**Given material:**
══════════════════════════════

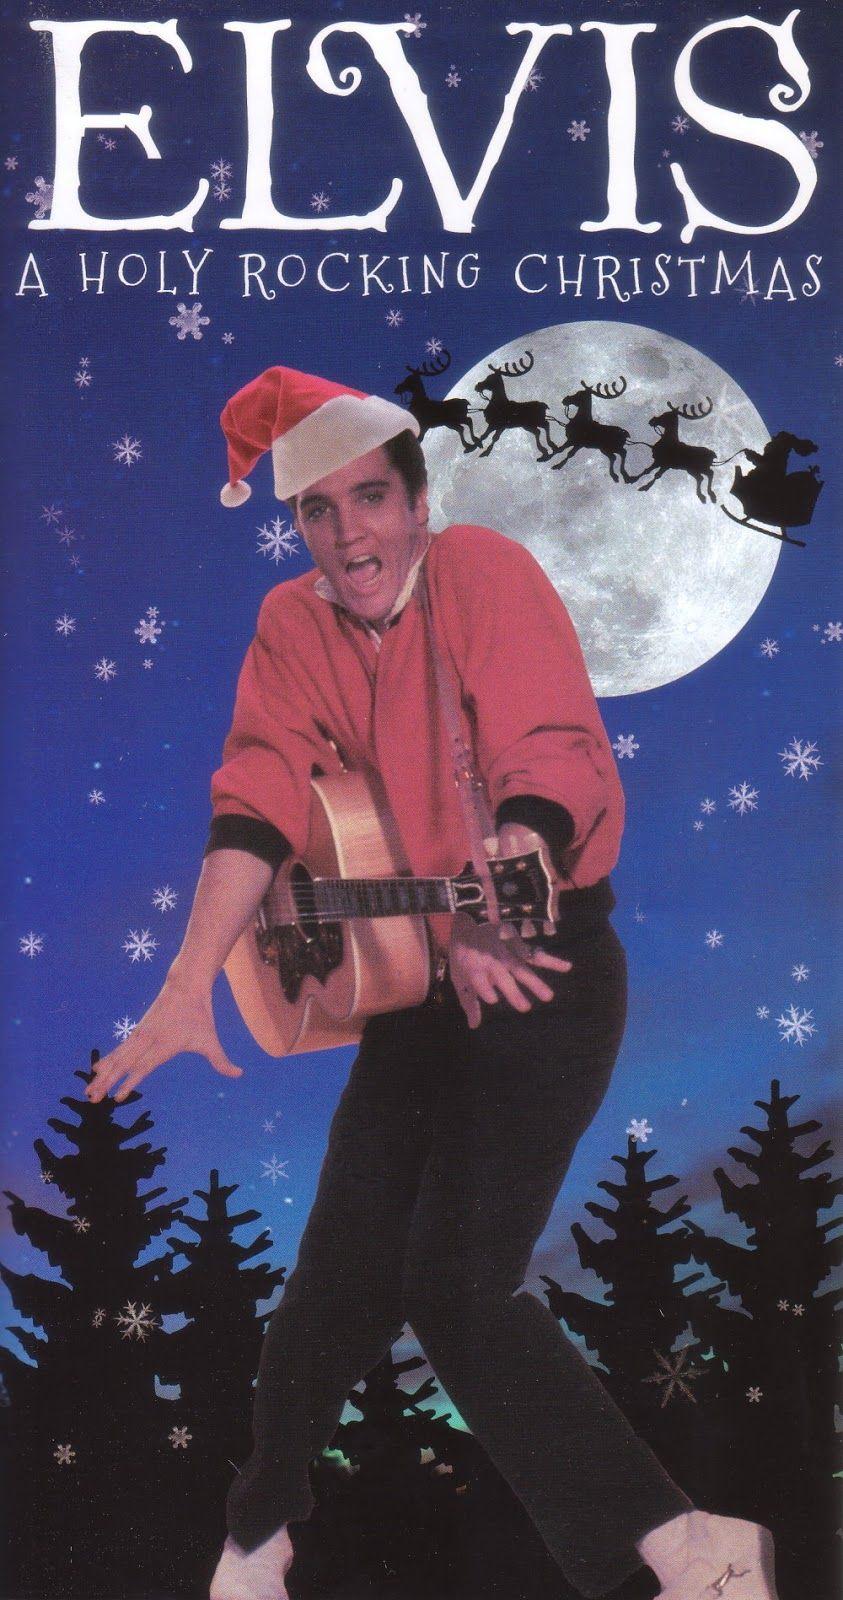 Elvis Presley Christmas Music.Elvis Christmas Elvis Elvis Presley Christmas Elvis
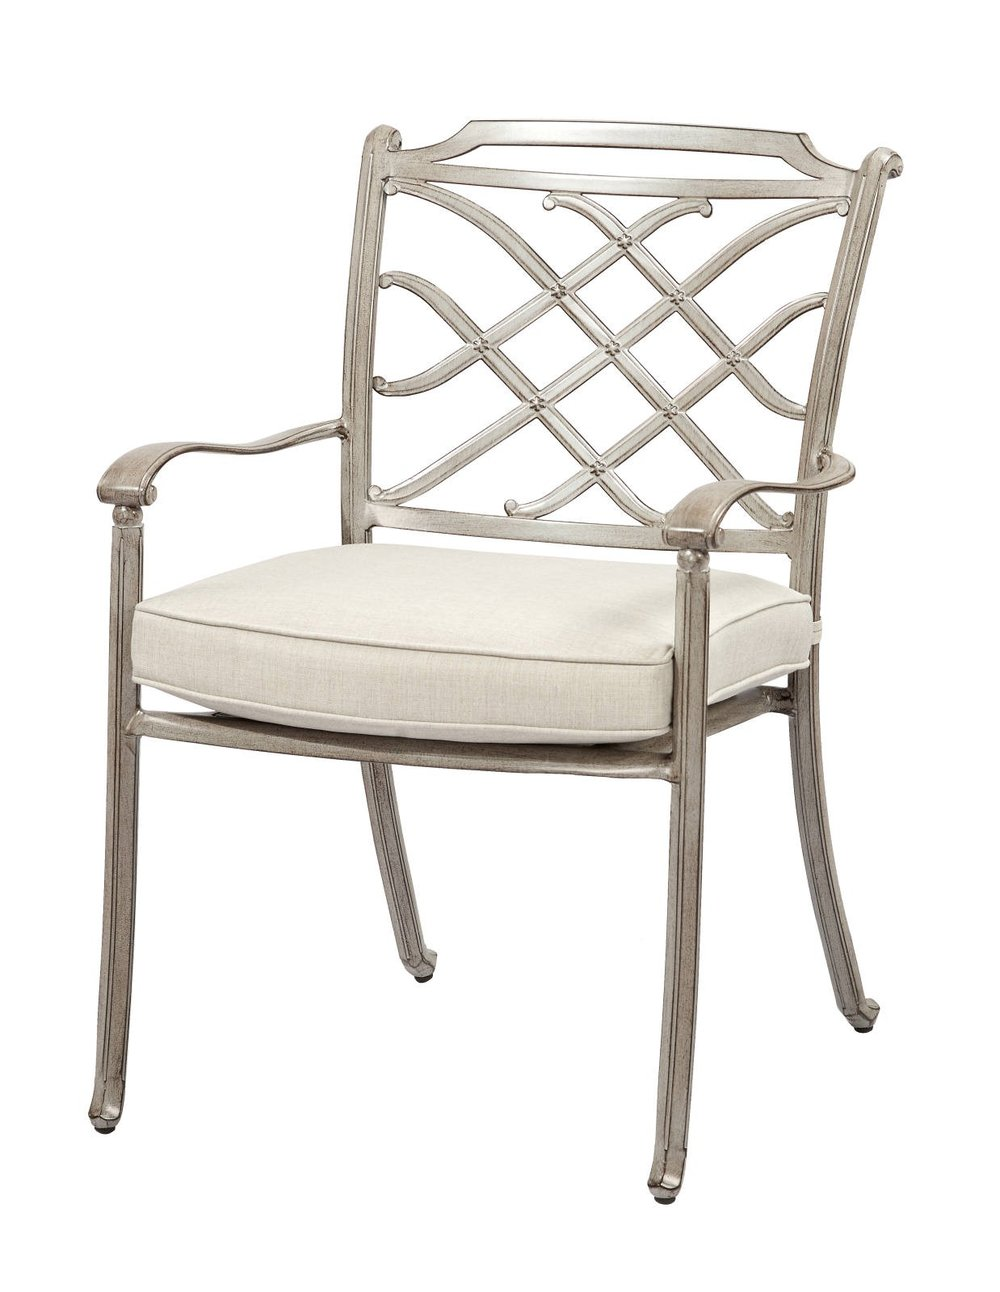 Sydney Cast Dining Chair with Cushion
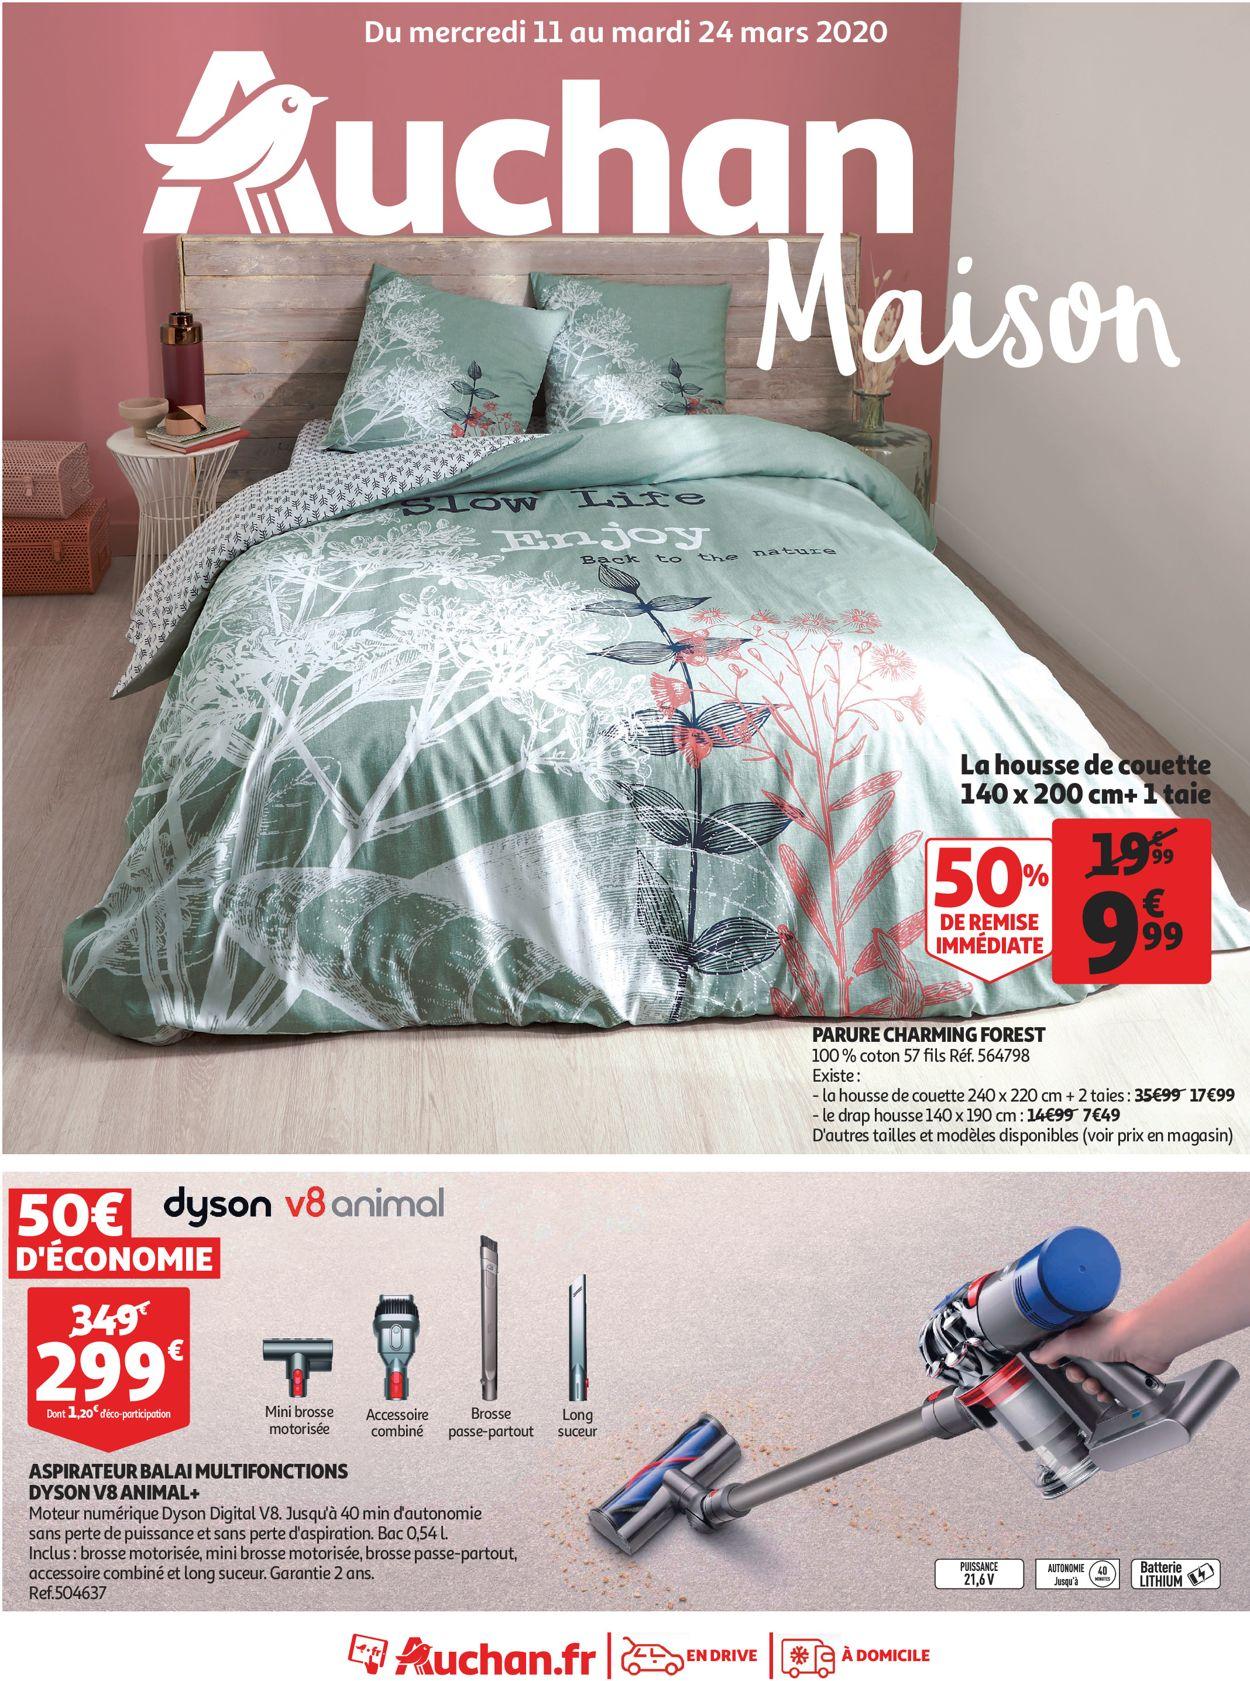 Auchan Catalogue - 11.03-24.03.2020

══════════════════════════════

**What you need to do:** In the listing above, find the line containing "Sydney Cast Dining Chair with Cushion" and restate it and every later line verbatim, with the pictures left out.

**Solution to this task:**
 Sydney Cast Dining Chair with Cushion
 Auchan Catalogue - 11.03-24.03.2020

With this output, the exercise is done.